> [DATASET CONTENT]

★ ★ ★ ★ ★

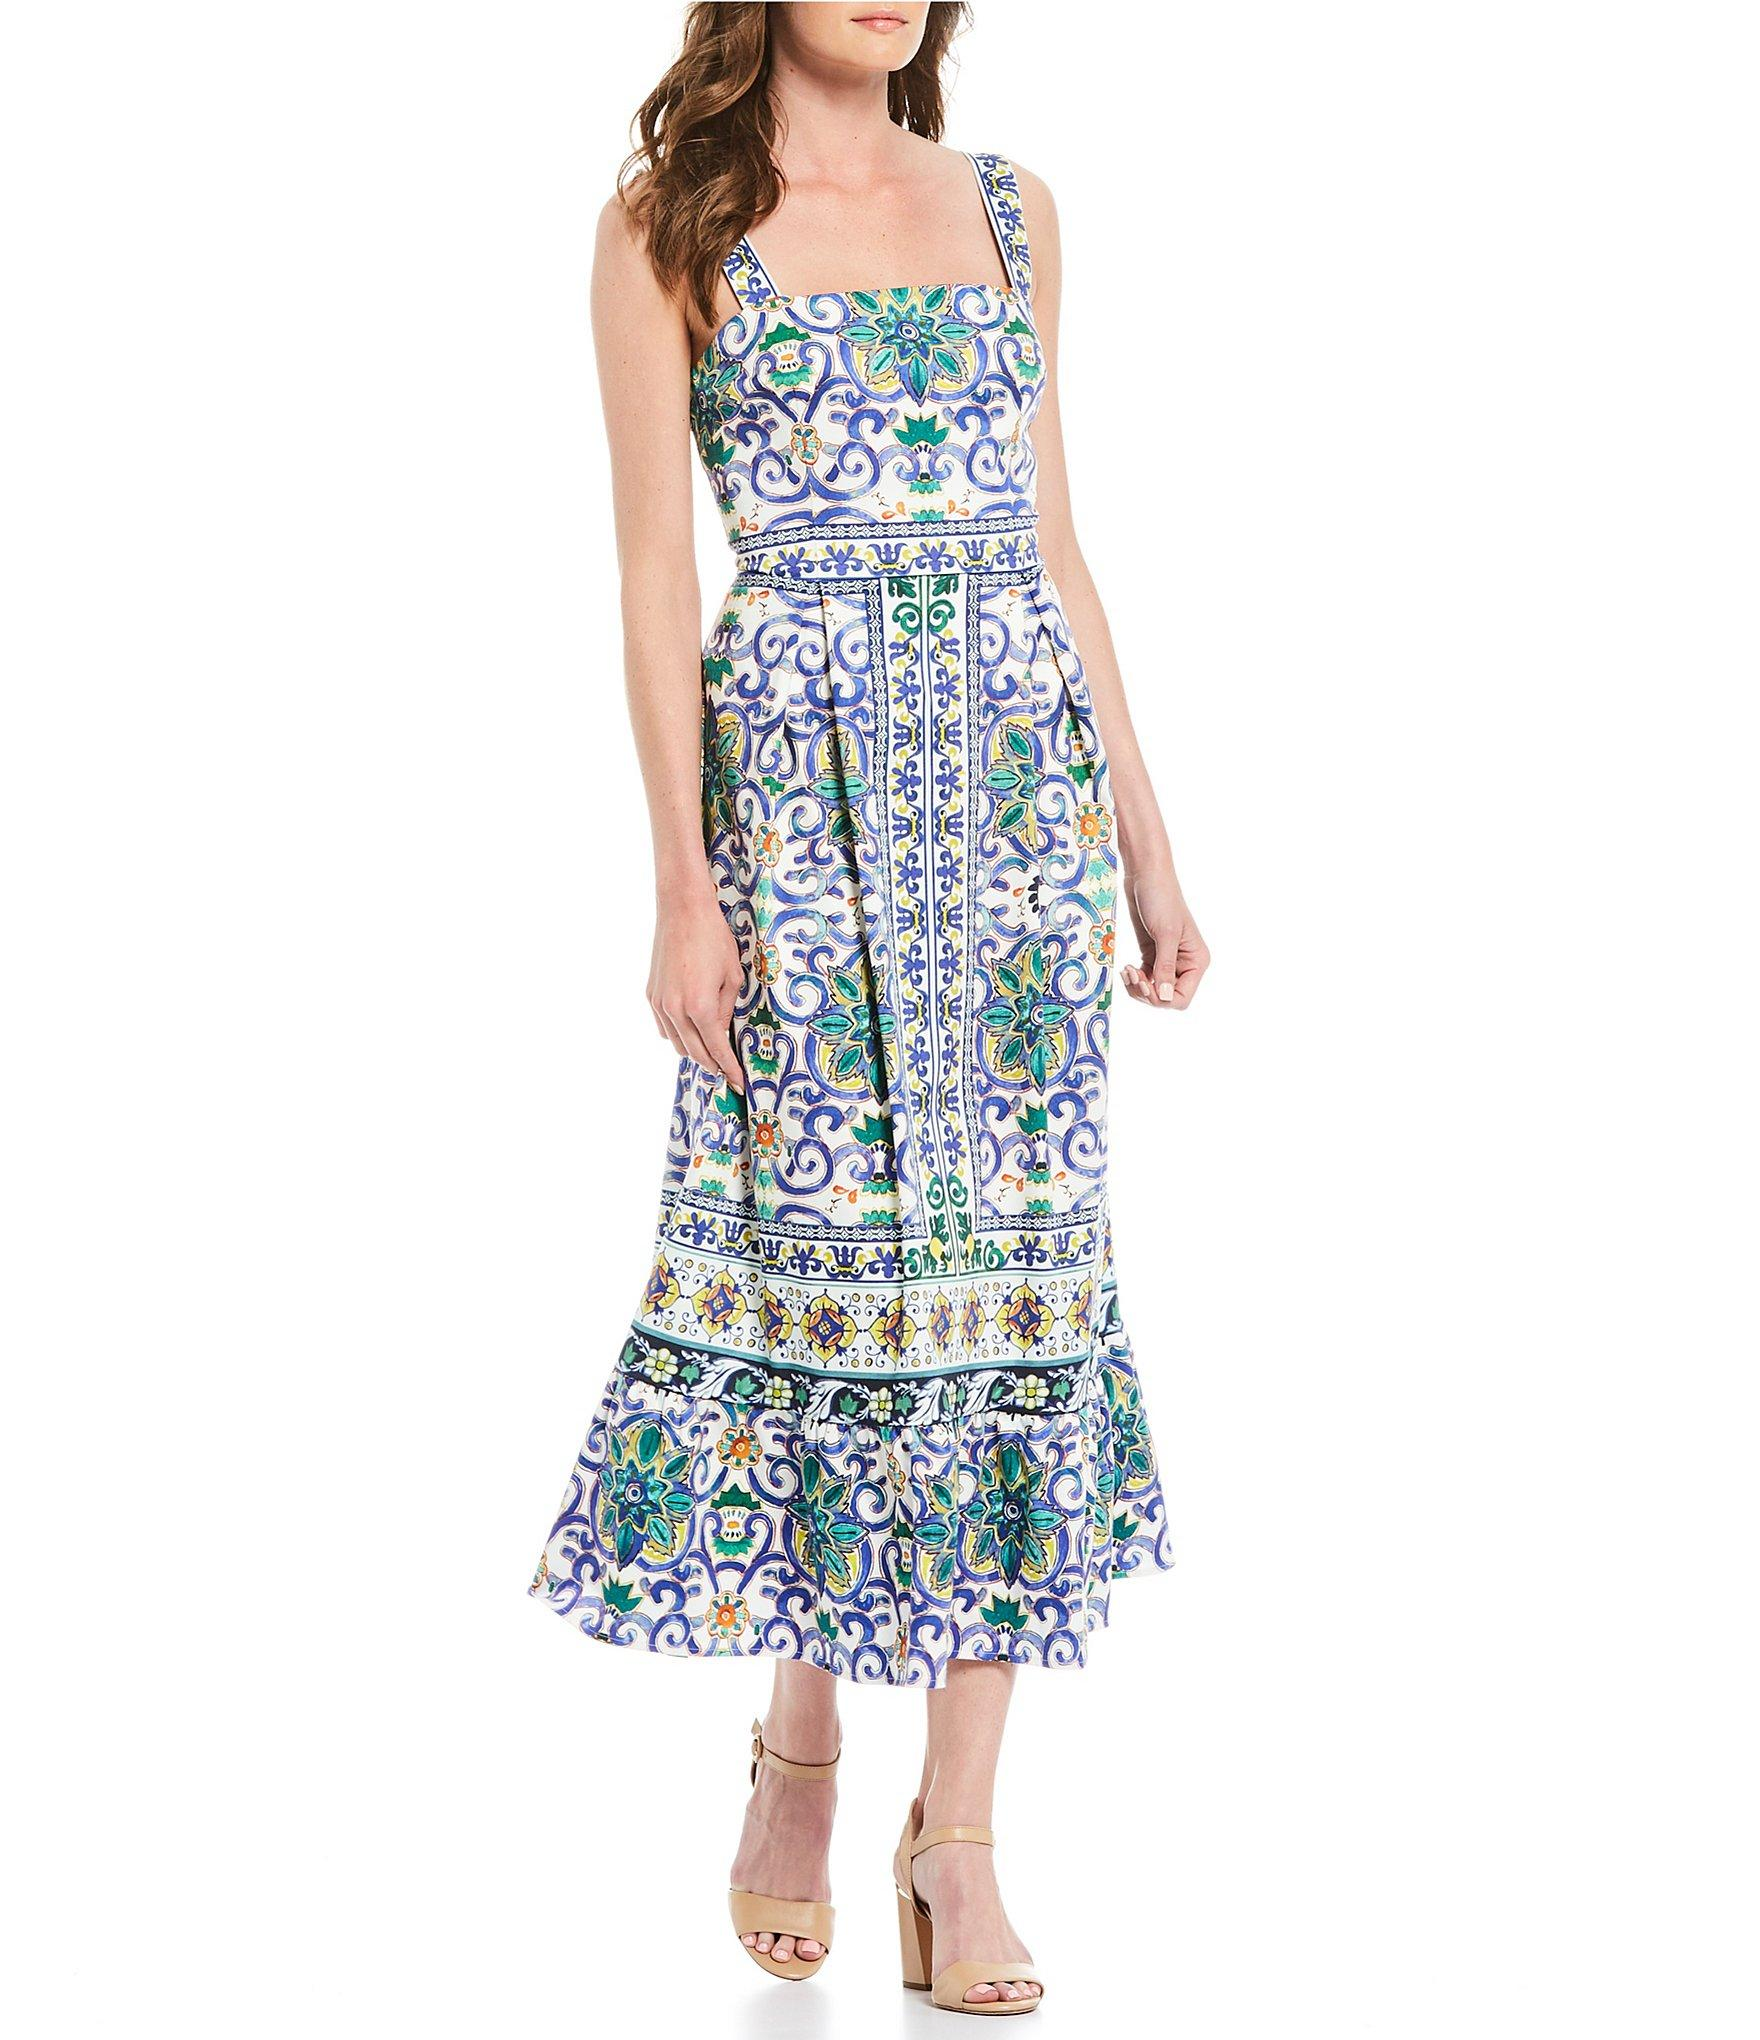 Antonio Melani Women/'s Natural Alexandra Dress Size 2 8 10 New NWT
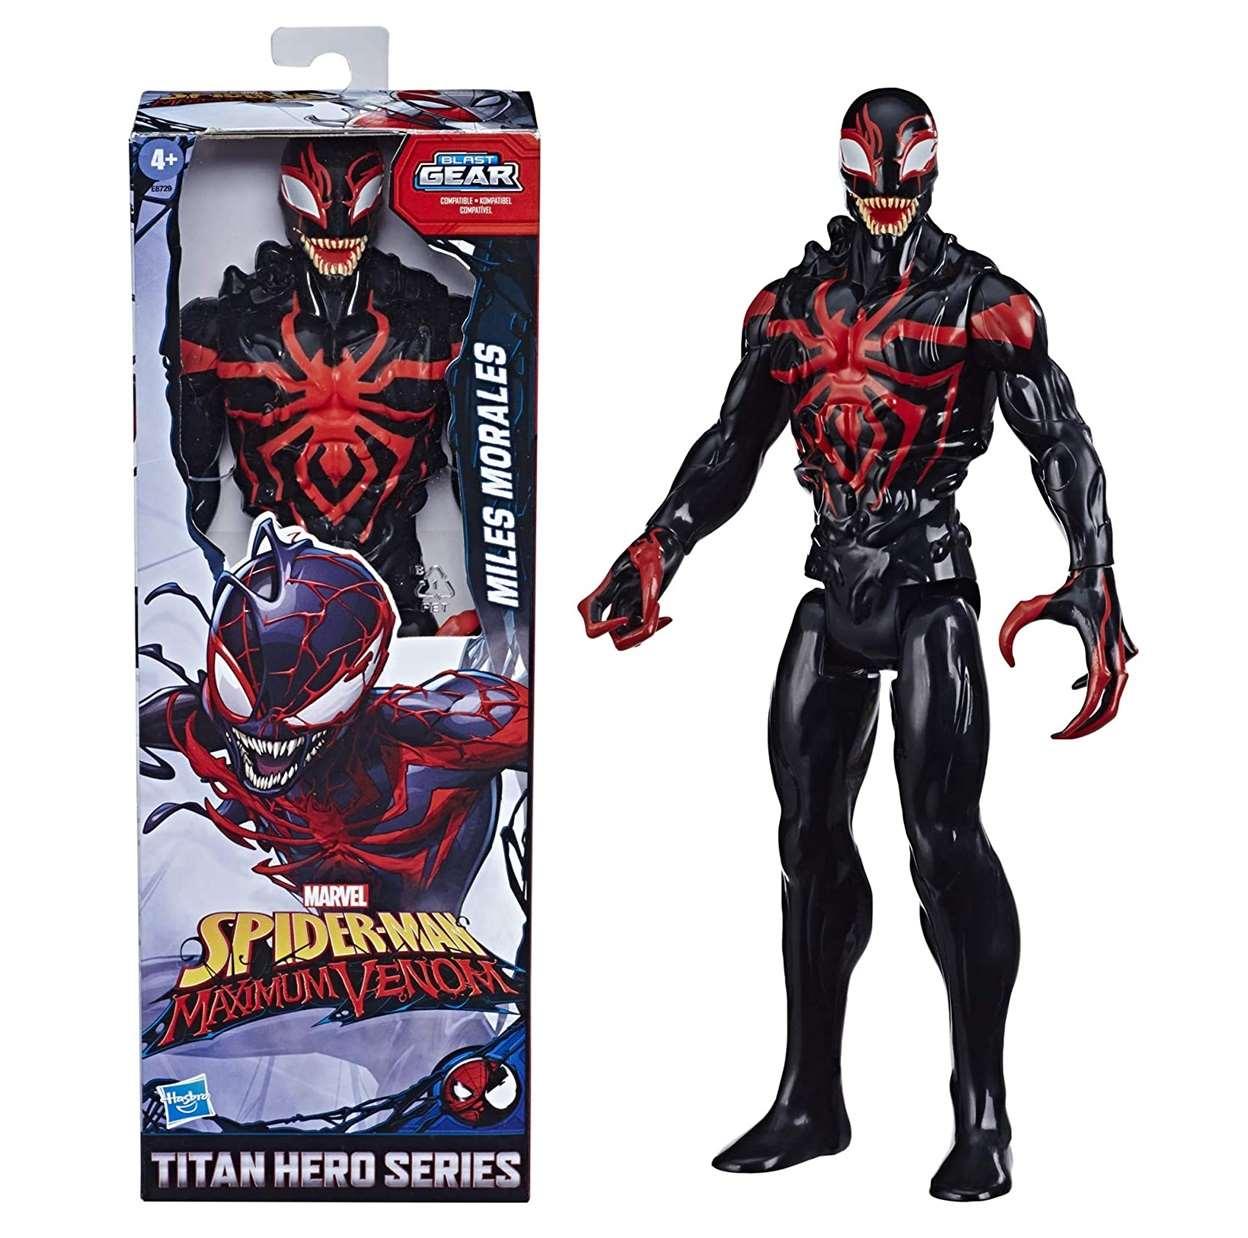 Miles Morales Figura Marvel Maximum Venom Blast Gear 12 PuLG
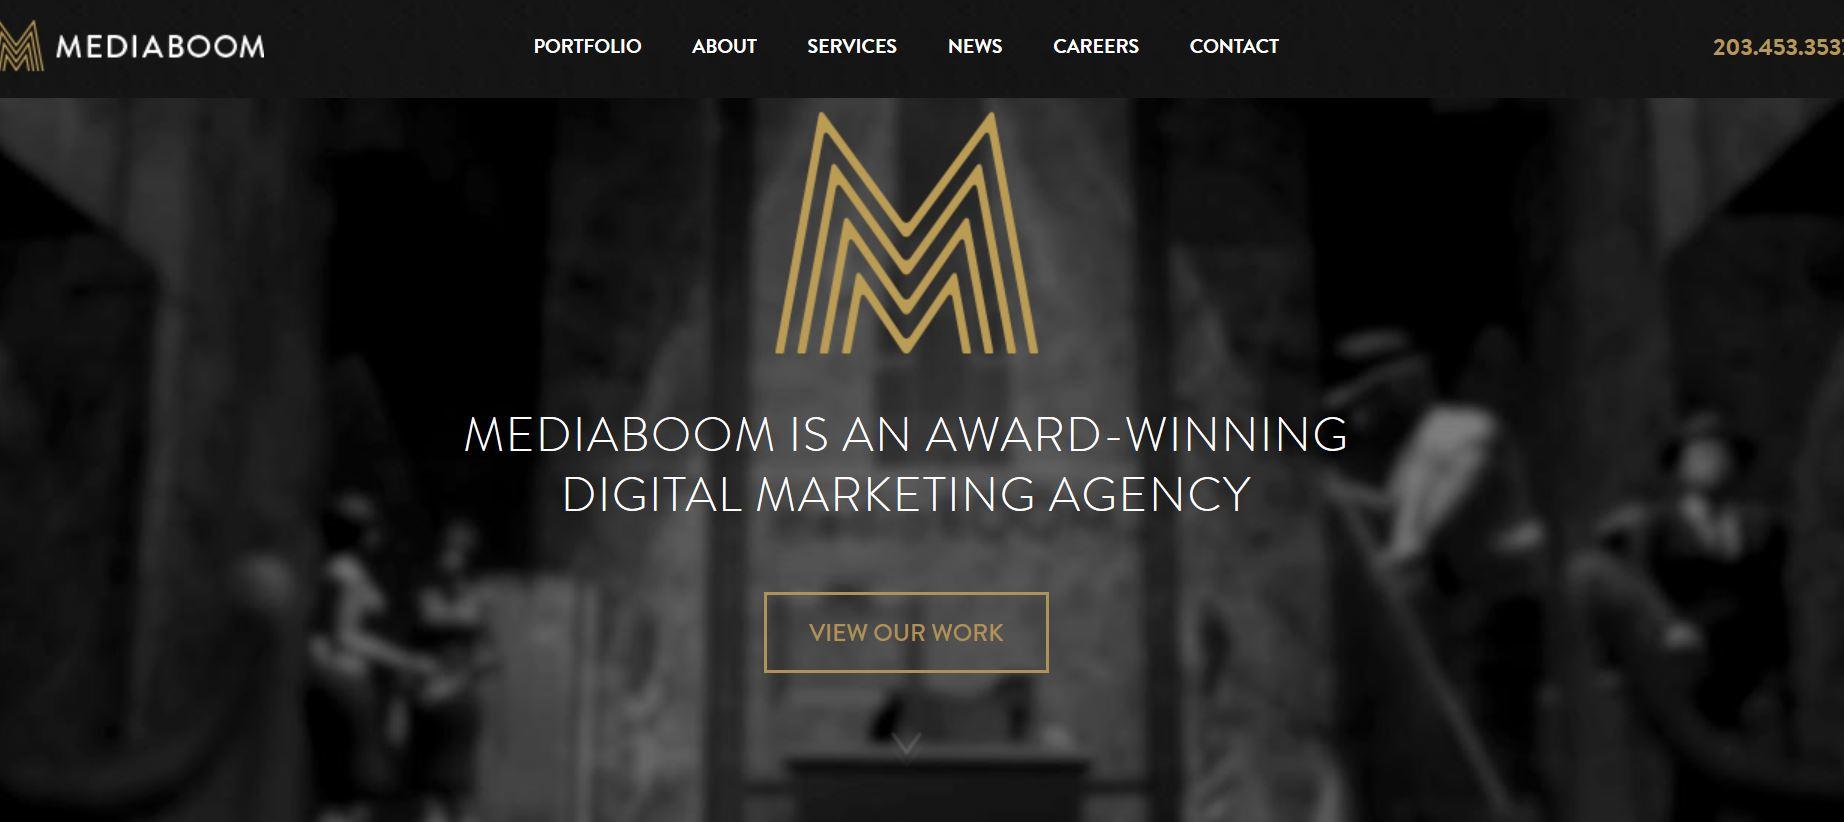 homepage design trend 2016-2
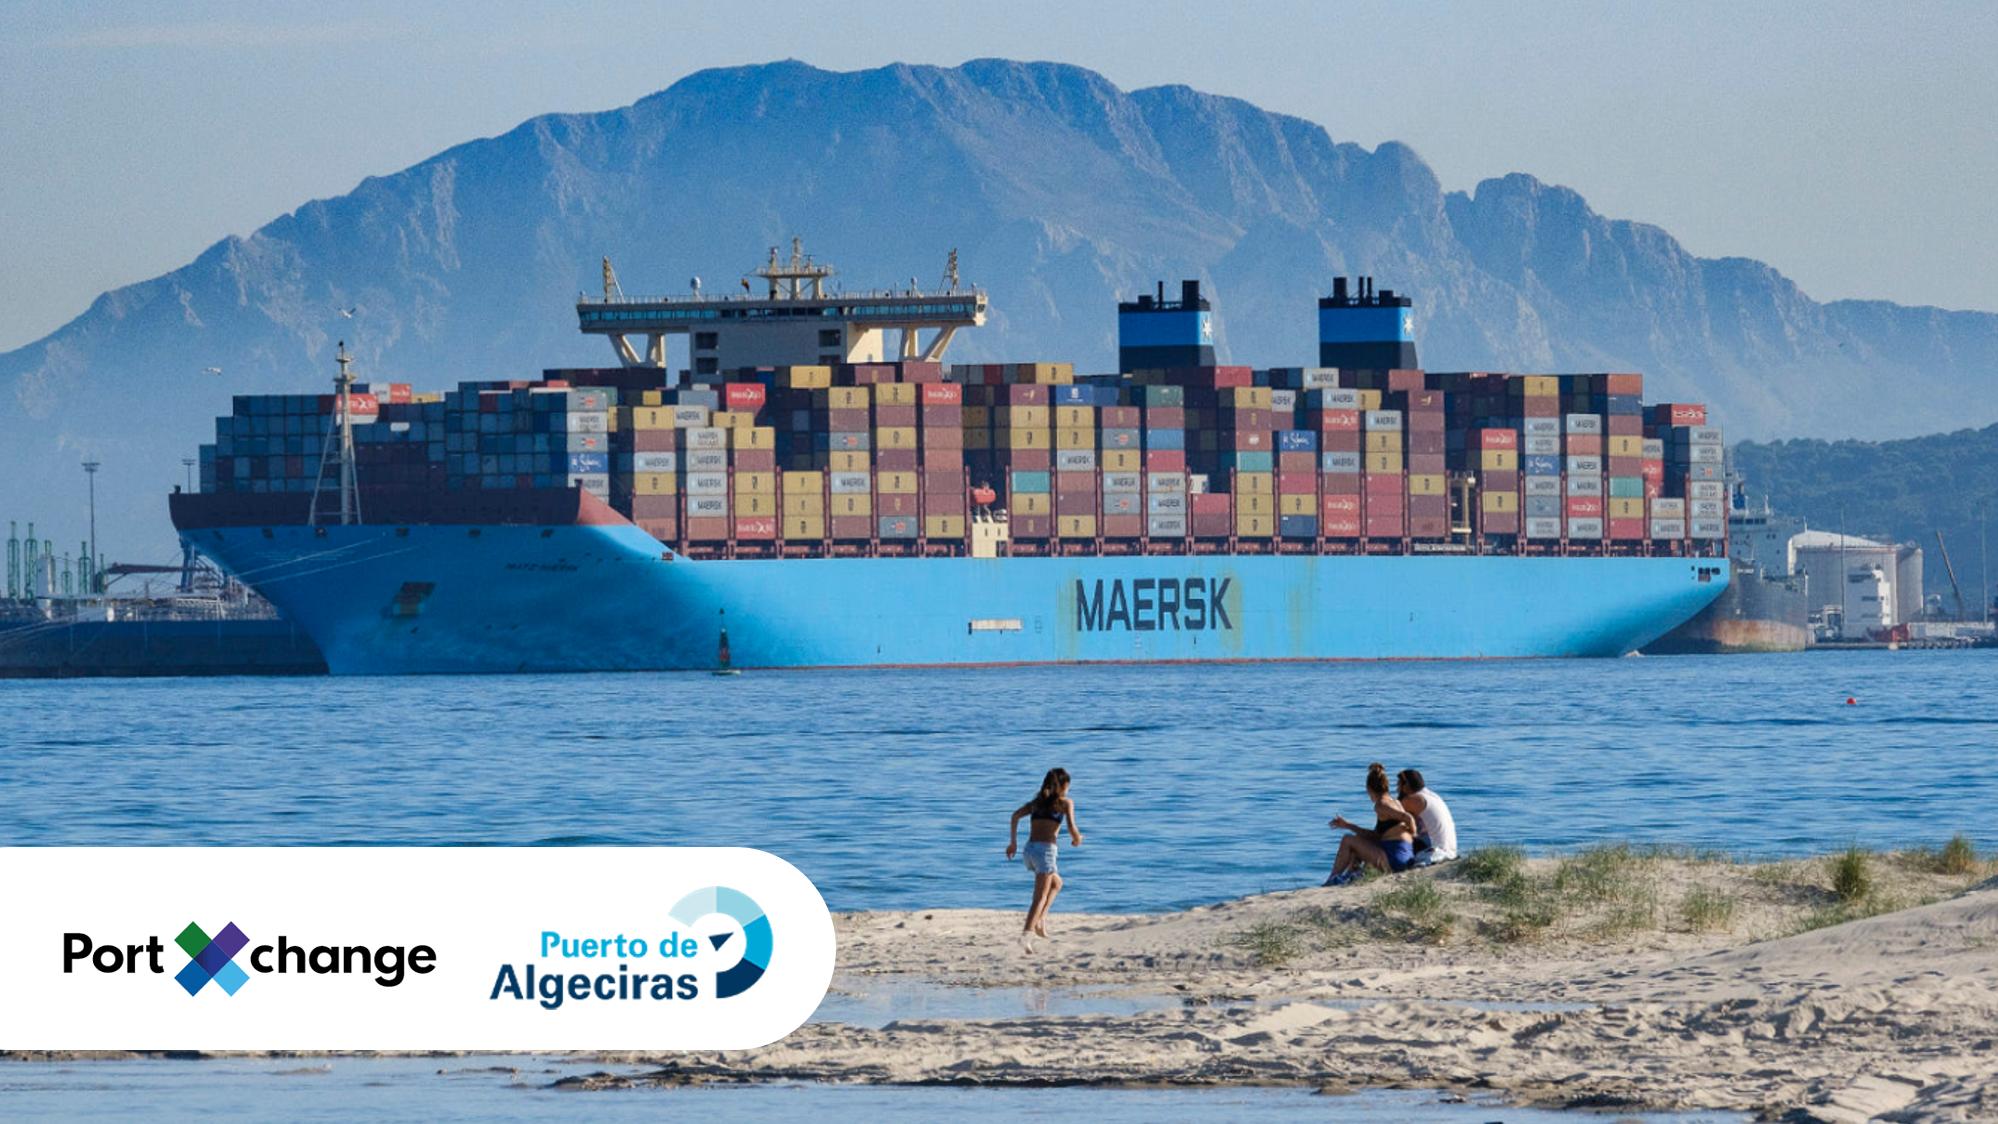 portxchange apba algeciras port innovation

★ ★ ★ ★ ★

> [EXERCISE INSTRUCTIONS]
Copy out the material word for word, without any images.

> [RESPONSE]
 Antonio Melani Women/'s Natural Alexandra Dress Size 2 8 10 New NWT
 Miles Morales Figura Marvel Maximum Venom Blast Gear 12 PuLG
 homepage design trend 2016-2
 portxchange apba algeciras port innovation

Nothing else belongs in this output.